Un silenzio quasi surreale ha accolto, questa mattina, il non-dibattito all’Ars. La seduta, convocata da Micciché per comunicare le “dimissioni irrevocabili” di Musumeci (impegnato altrove), è durata mezz’ora scarsa. Il tempo utile a leggere le comunicazioni del governatore, anticipate ieri via social, e per tenere alcuni discorsi di commiato di fronte ai banchi del governo deserti. In aula, per la verità, un assessore c’era: ma Alessandro Aricò, nel duplice ruolo di capogruppo di Diventerà Bellissima, è intervenuto dagli scranni dei deputati per ribadire che le dimissioni di Musumeci sono “un gesto d’amore” nei confronti dei siciliani e che il presidente non c’è a causa di alcuni impegni istituzionali.
In un clima da liberi tutti, è stato Miccichè, citando Churchill, ad avanzare una riflessione sullo stato della democrazia: “E’ un concetto forte che, piaccia o no, non può venir meno all’interno di un parlamento. Non voglio dire che Musumeci non sia stato democratico, ma in questi anni non c’è stata la ricerca di tutto ciò che di positivo c’è nella democrazia”. “Sapete qual è il disastro degli ultimi decenni? Lo scontro fa poteri dello Stato – ha sentenziato Miccichè – Ma raramente è successo che il potere esecutivo si scontri con quello legislativo. Diciamoci la verità: in questa legislatura avremmo potuto essere più bravi, perché è venuto meno un rapporto leale di collaborazione e fiducia. Non sono certo che le responsabilità siano tutte del governo, ma da parte dell’esecutivo c’è stata una certa voglia di prevaricazione”, ha fatto notare il presidente dell’Ars.
Niente toni forti. Ma i concetti risuonano chiari: “L’esecutivo, in linea generale, fa delle proposte ma poi si adegua a quello che decide il parlamento. E’ così che funziona… Invece mi hanno rinfacciato di aver dato priorità alle prerogative del parlamento piuttosto che a quelle del governo. E non può esserci questo scontro ogni volta che qualcuno chiede il voto segreto: non piace neanche me, ma fa parte della democrazia. Inoltre, mi sono trovato contrarie persone che fino alla scorsa legislatura erano a favore”, ha sottolineato riferendosi a Musumeci e al suo gruppo. E ancora, evidenziando l’onestà istituzionale del rapporto coi suoi uffici, Miccichè ha assestato l’ultima bordata: “Non è che perché sei presidente comandi, non funziona così. Serve rispetto nei confronti degli altri”.

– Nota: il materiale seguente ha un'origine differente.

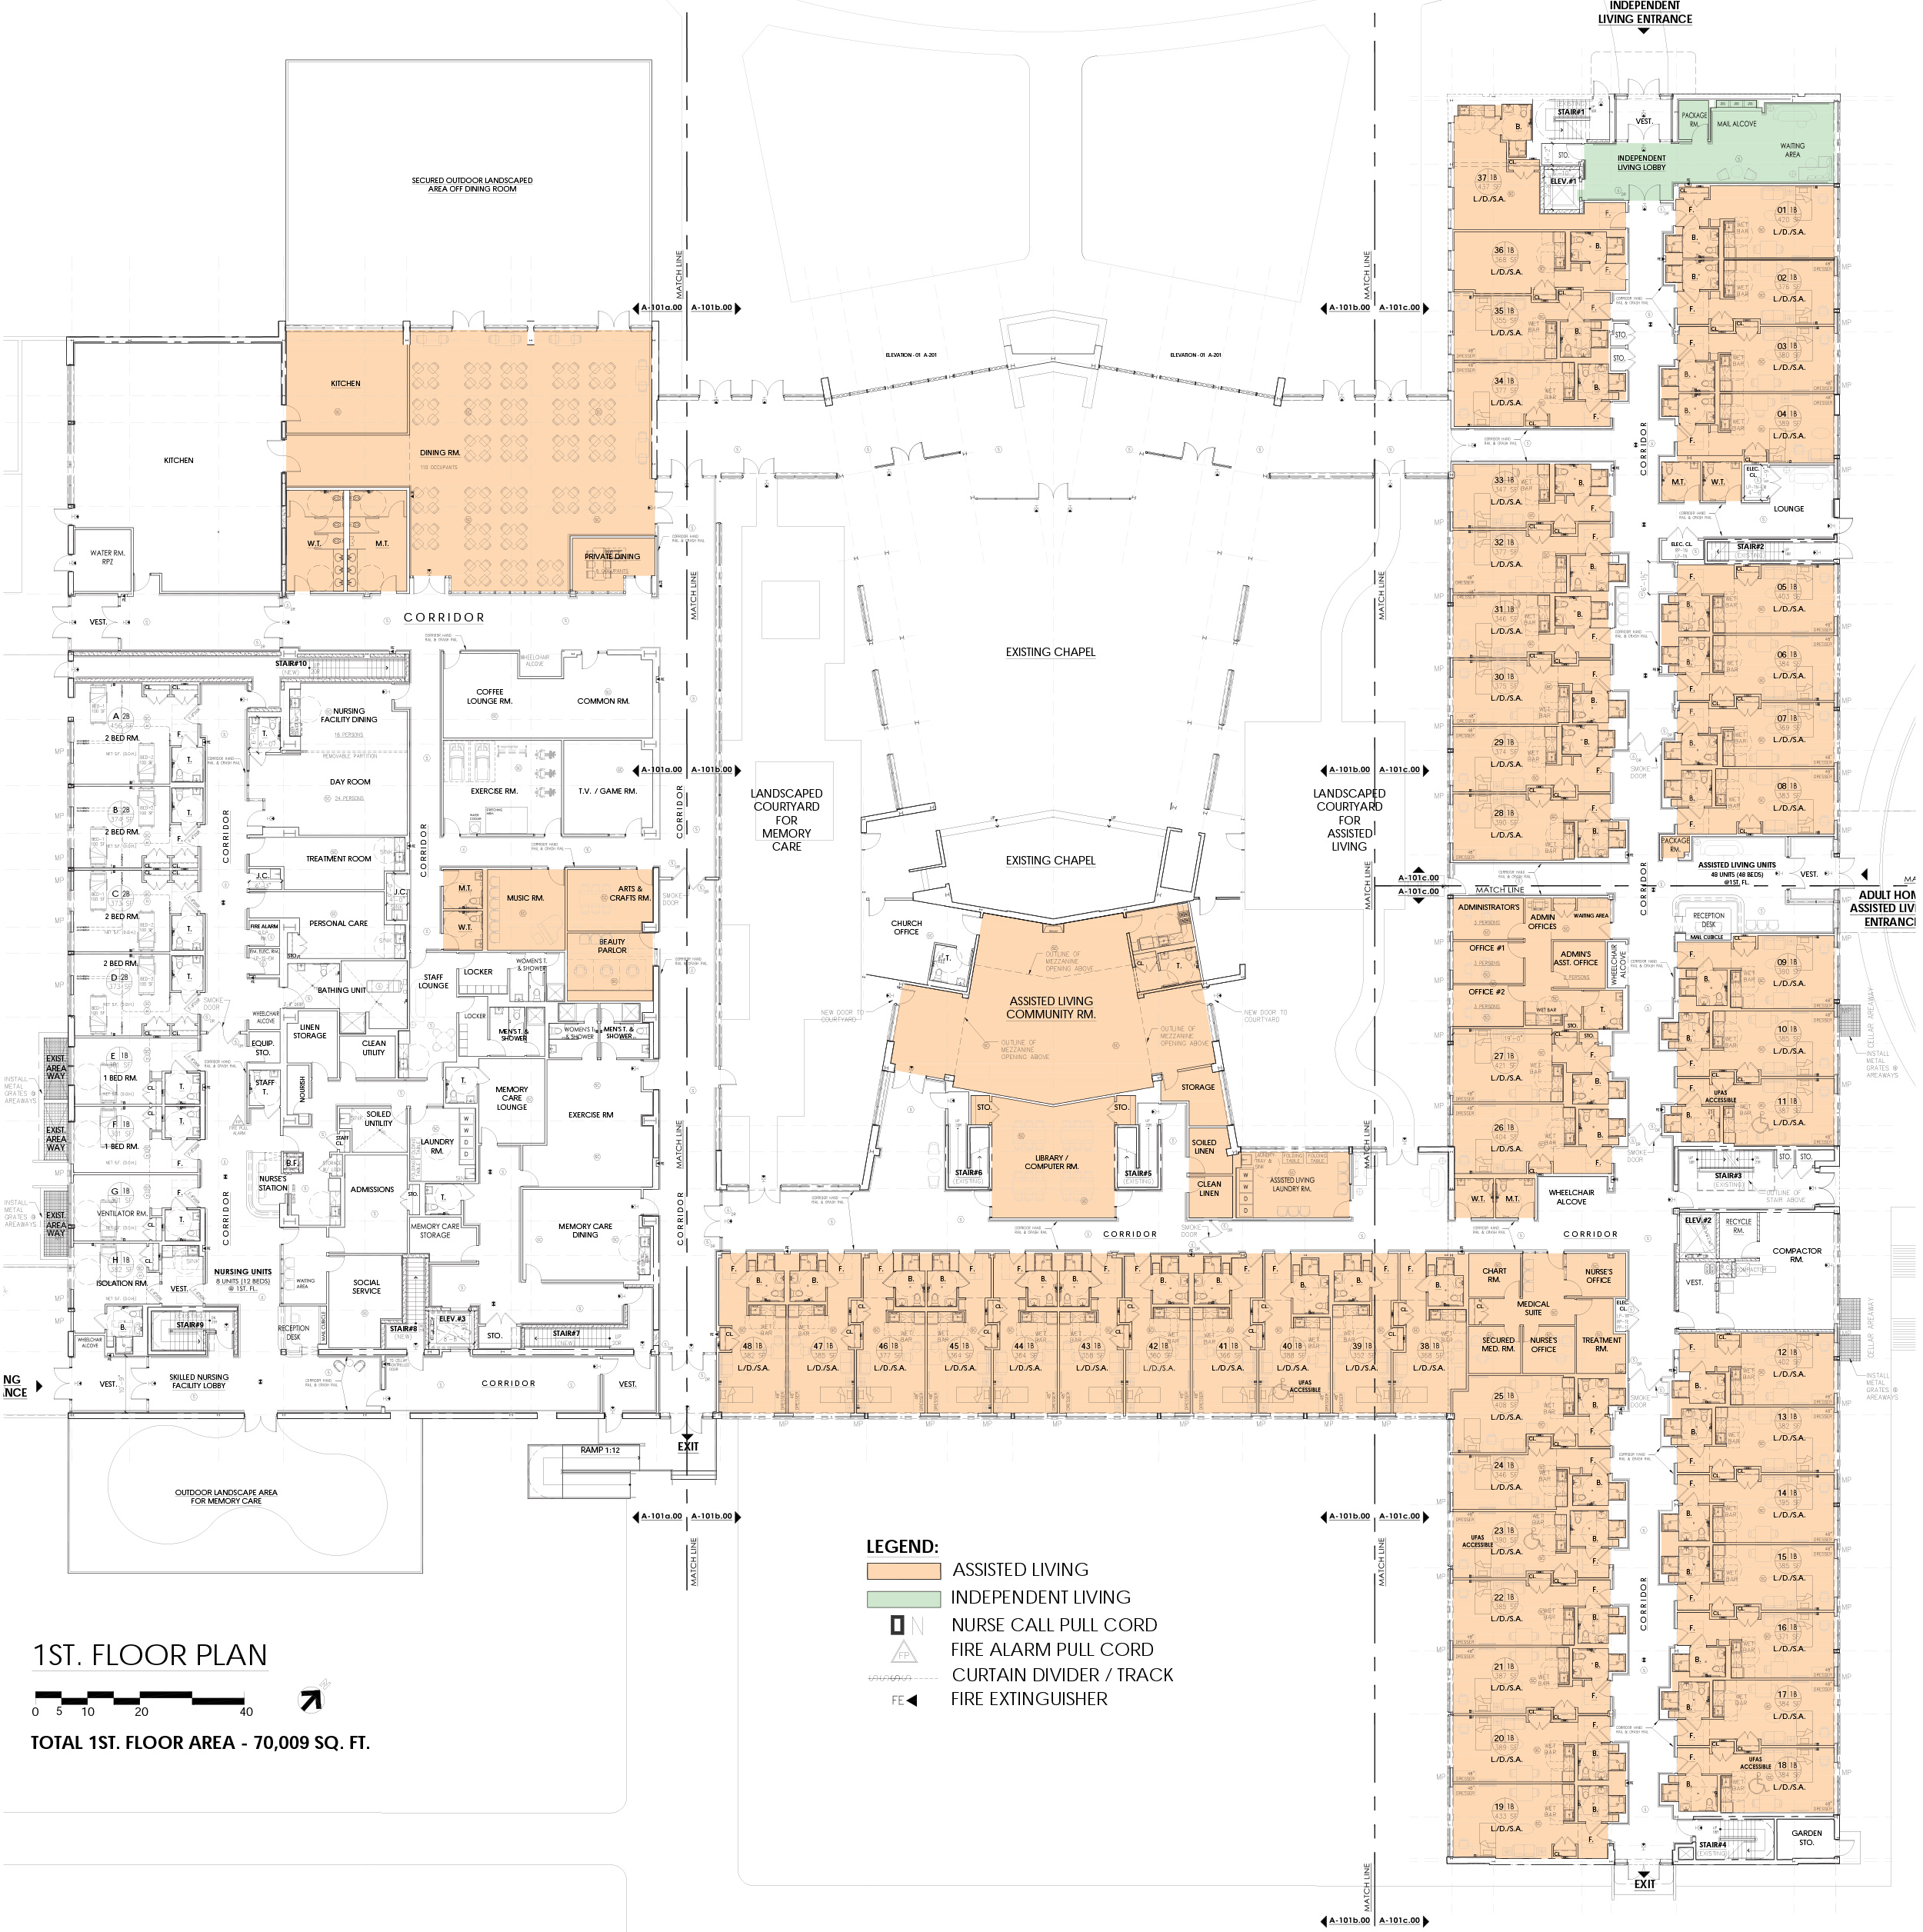 01_1st_floor_plan_entire.jpg

Da Catania, dove ha partecipato alla posa della prima pietra della nuova cittadella giudiziaria, Musumeci è tornato sui dissidi con il rivale: “Il candidato del centrodestra è il presidente della Regione Siciliana uscente. Fino a quando la coalizione non dirà ‘no, Musumeci non può essere, ce n’è un altro’”. E ancora: “Siamo con lo stesso governo dall’inizio, con gli stessi assessori. Abbiamo fatto giunta ieri e un’altra ce ne sarà lunedì. Abbiamo lavorato tranquillamente con l’impegno di sempre. La coalizione – ha aggiunto Musumeci – deve eventualmente trovare un candidato che non sia catanese, perché una delle accuse è questa, che sono catanese; che non sia antipatico, perché pare che io sia antipatico; che non sia alto 1,85. Quindi qualcuno con una statura un po’ più bassa, che non sia stato mai coerente idealmente, cioè che abbia fatto il saltimbanco, che abbia avuto problemi giudiziari, perché chi non li ha avuti non può fare il presidente della Regione. E’ facile o non è facile trovare un candidato…?”. Le solite paranoie.